Fix spec review issues: shared TableRefParser, compound query layering, UPDATE AST

renecannao · renecannao · commit 567d8b2da5c0 · 2026-03-24T13:20:45.000Z
- Extract TableRefParser from SelectParser as prerequisite refactoring
- CompoundQueryParser as separate layer above SelectParser
- UPDATE AST uses single NODE_FROM_CLAUSE with positional disambiguation
- Document classifier switch updates and is_alias_start blocklist changes
- Enumerate digest-mode emit method behavior changes
- DEFAULT VALUES uses two-token approach (TK_DEFAULT + TK_VALUES)

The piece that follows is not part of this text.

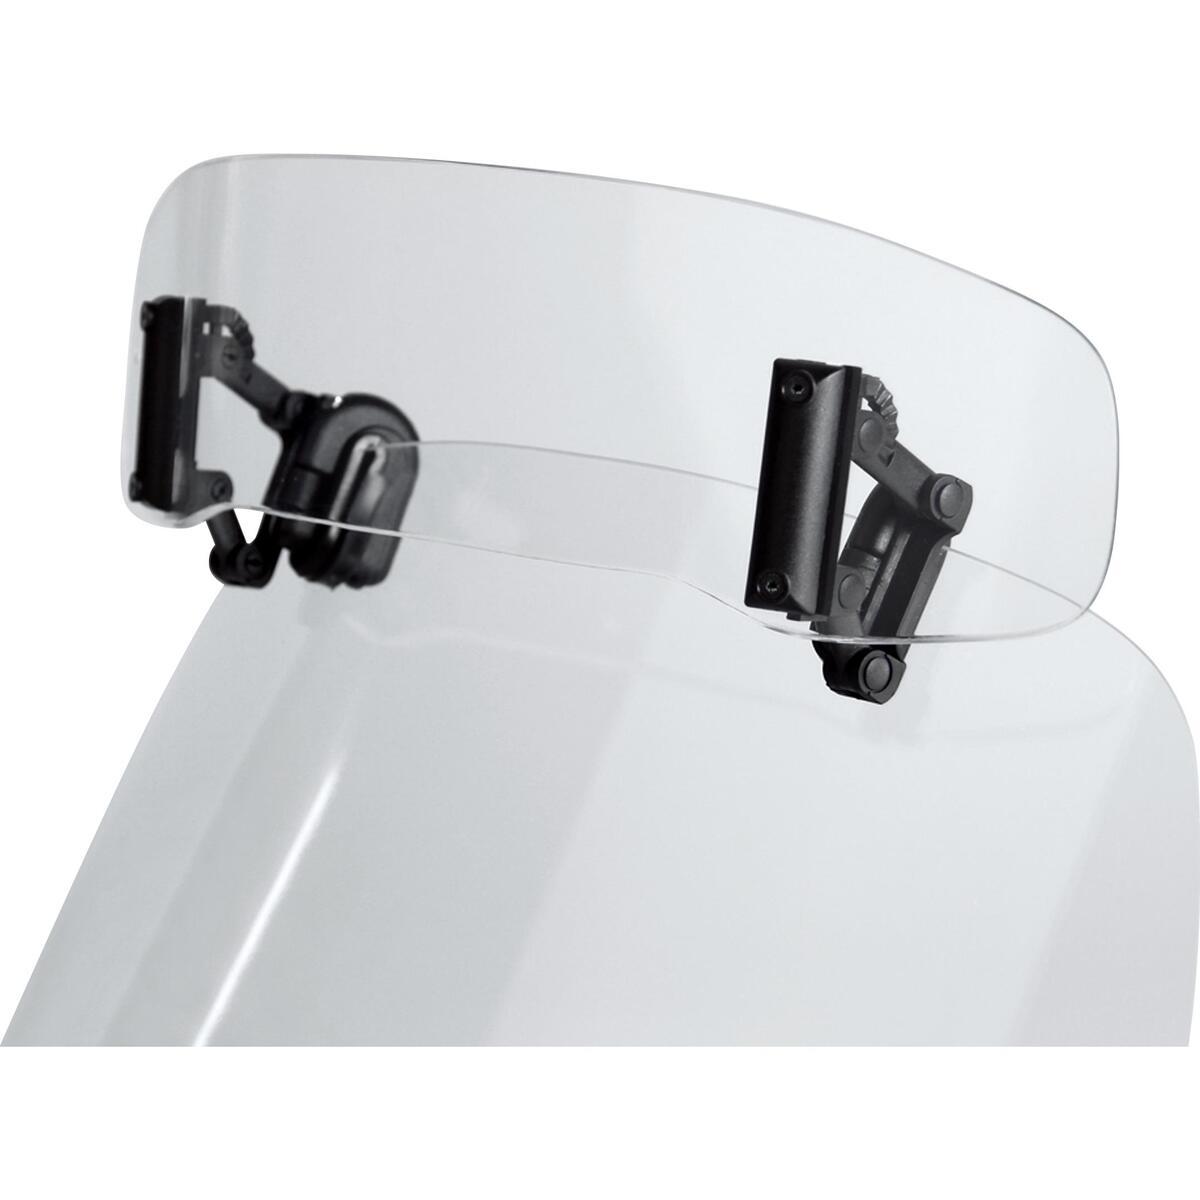 Bild 5 von MRA Aufsatzspoiler für Scheiben VSA-C 310x80mm klar farblos

diff --git a/docs/superpowers/specs/2026-03-24-tier1-promotions-and-digest-design.md b/docs/superpowers/specs/2026-03-24-tier1-promotions-and-digest-design.md
@@ -18,6 +18,33 @@ Extends the SQL parser with full Tier 1 deep parsing for INSERT, UPDATE, and DEL
 - All new parsers follow the established pattern: `XxxParser<D>` header-only template, uses `ExpressionParser<D>`, integrated via `parser.cpp`.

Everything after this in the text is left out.